START GIVEN INFORMATION

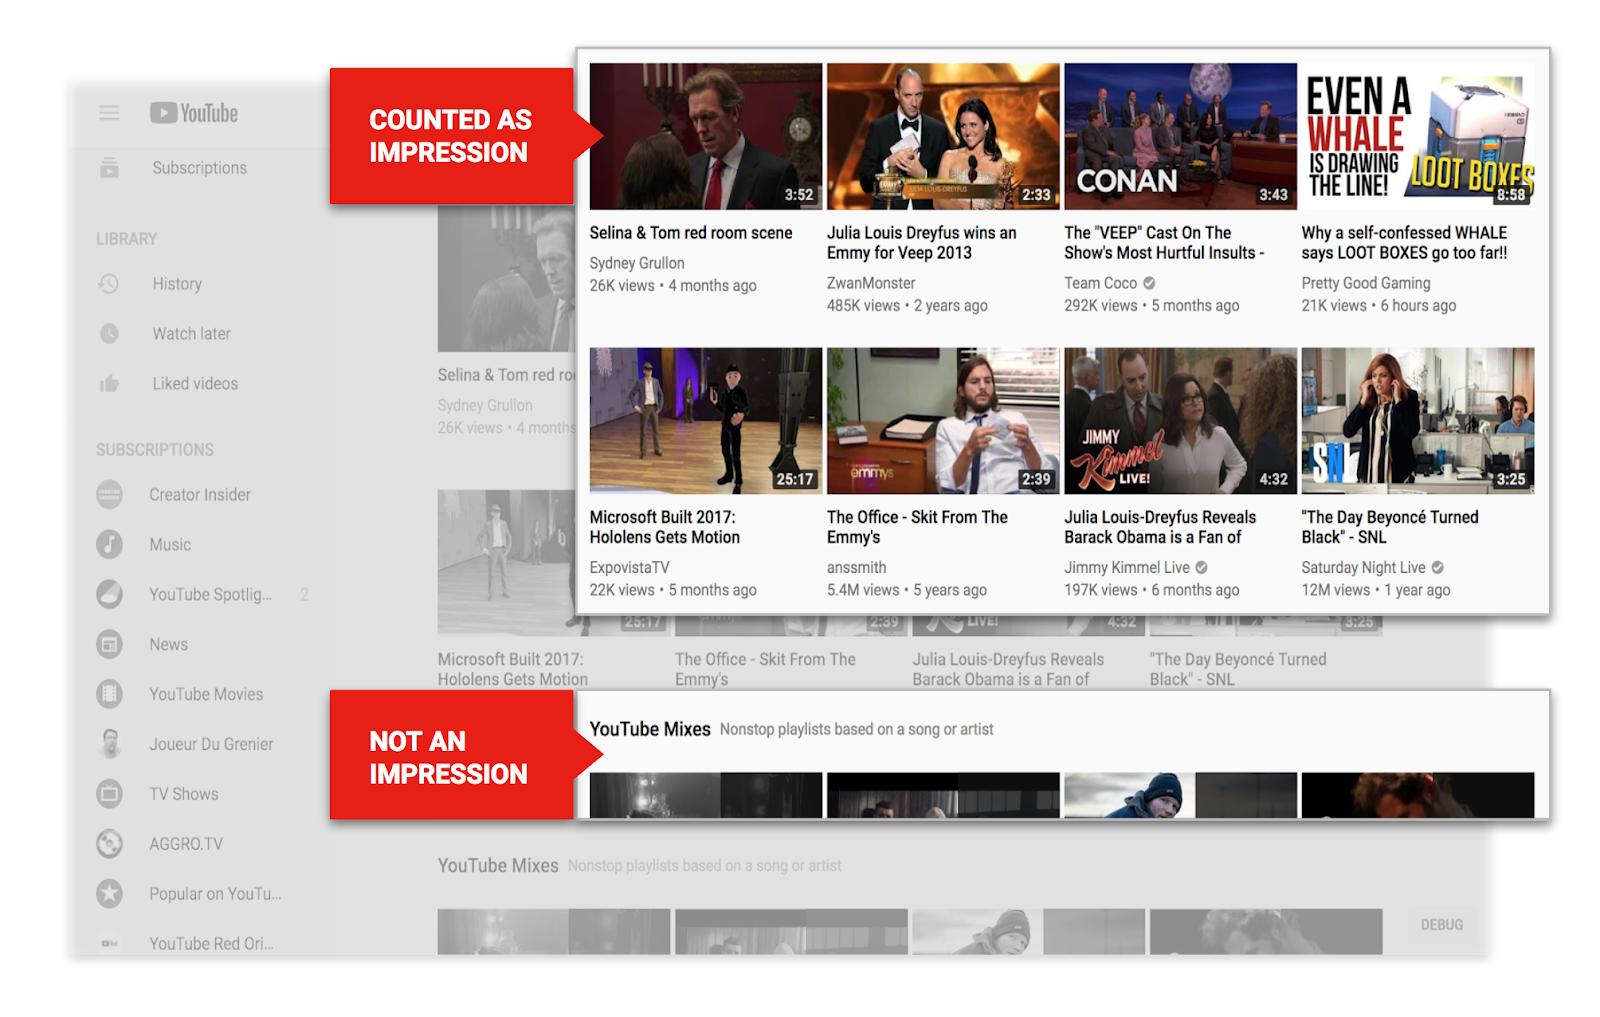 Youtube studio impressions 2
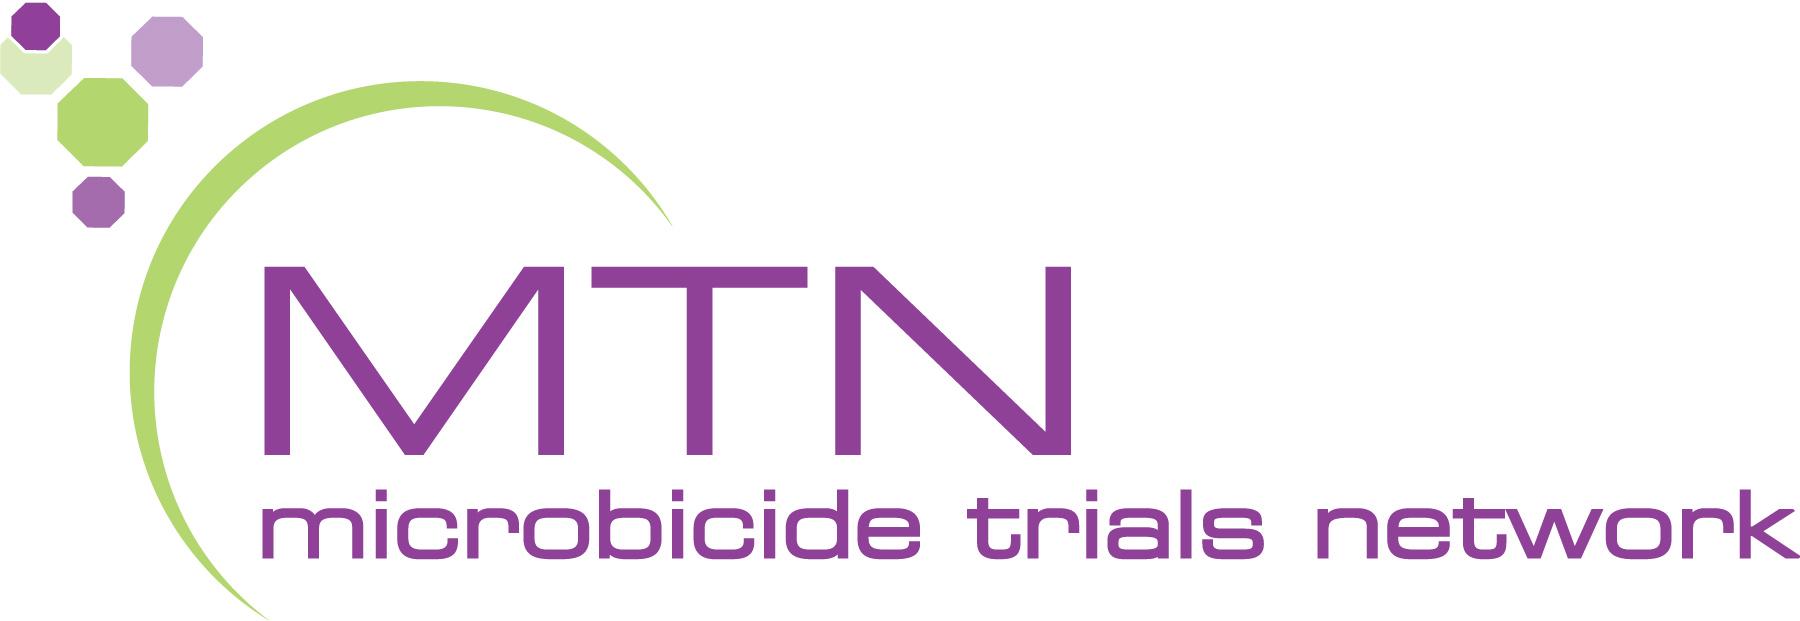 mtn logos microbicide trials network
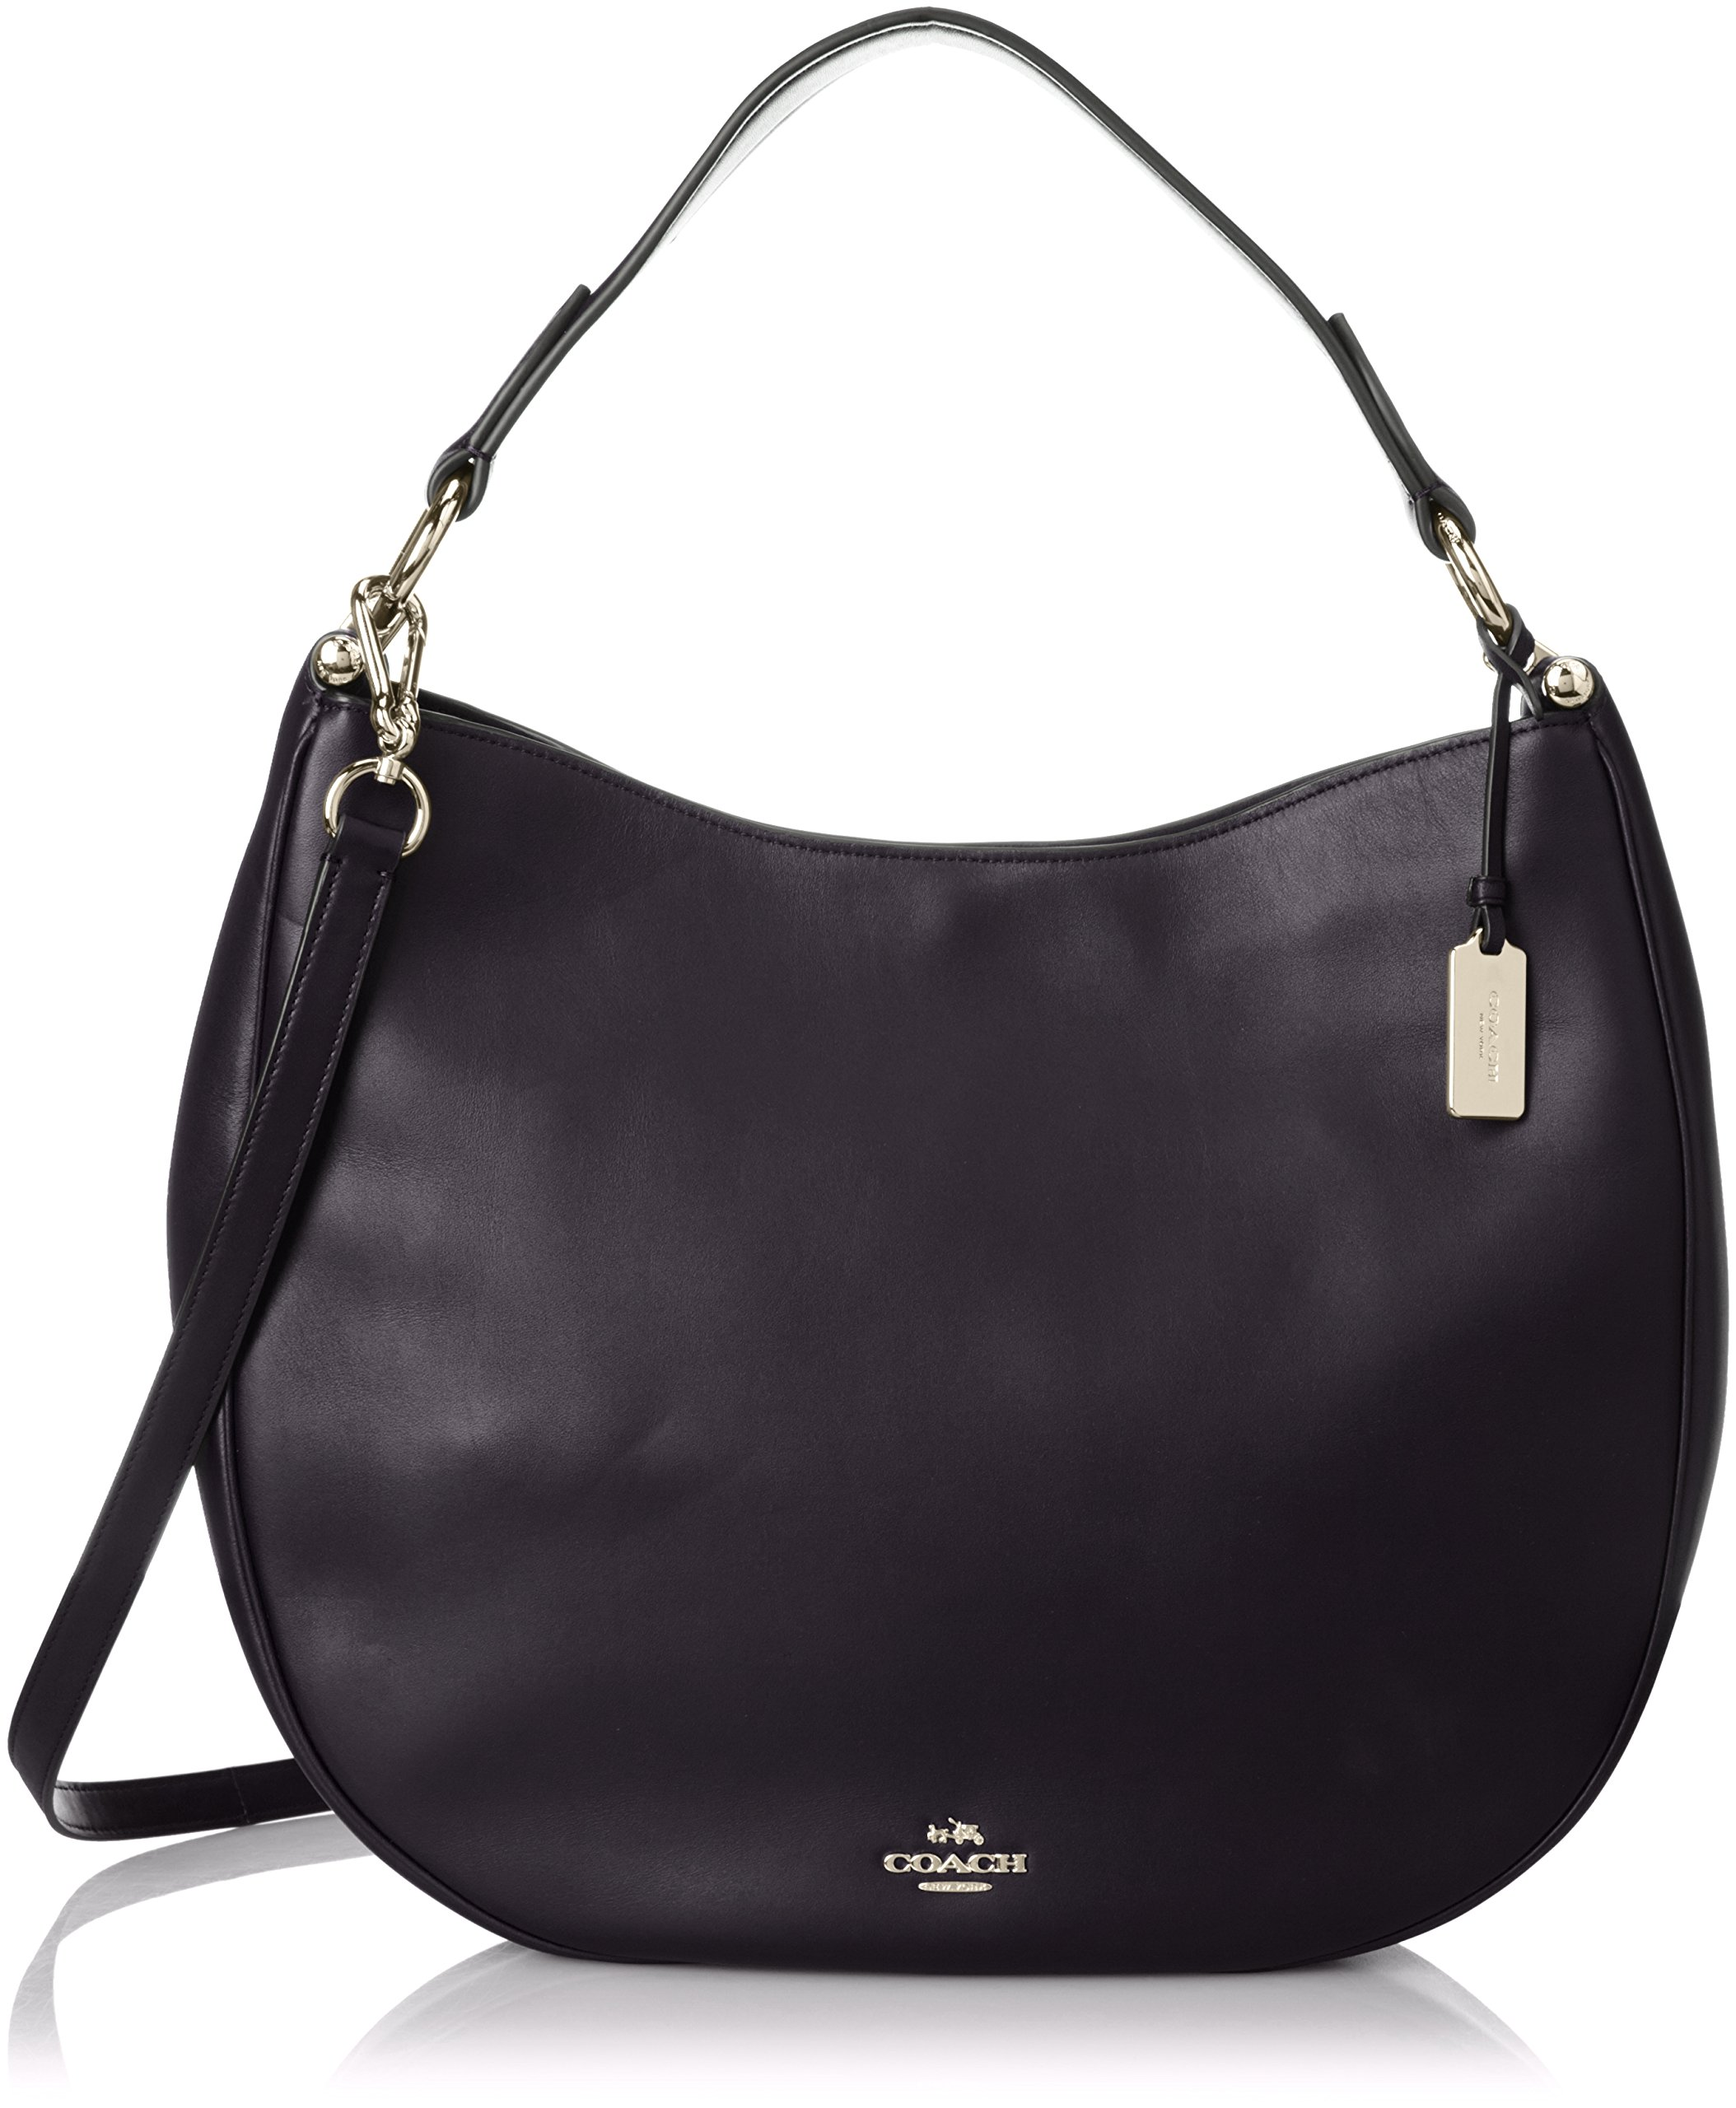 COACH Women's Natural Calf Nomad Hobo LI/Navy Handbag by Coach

END GIVEN INFORMATION

* _AIM OF THE TASK_: None of the pictures should be reproduced; all other material above must be set down exactly.

* _EXERCISE OUTPUT_:
 Youtube studio impressions 2
 mtn logos microbicide trials network
 COACH Women's Natural Calf Nomad Hobo LI/Navy Handbag by Coach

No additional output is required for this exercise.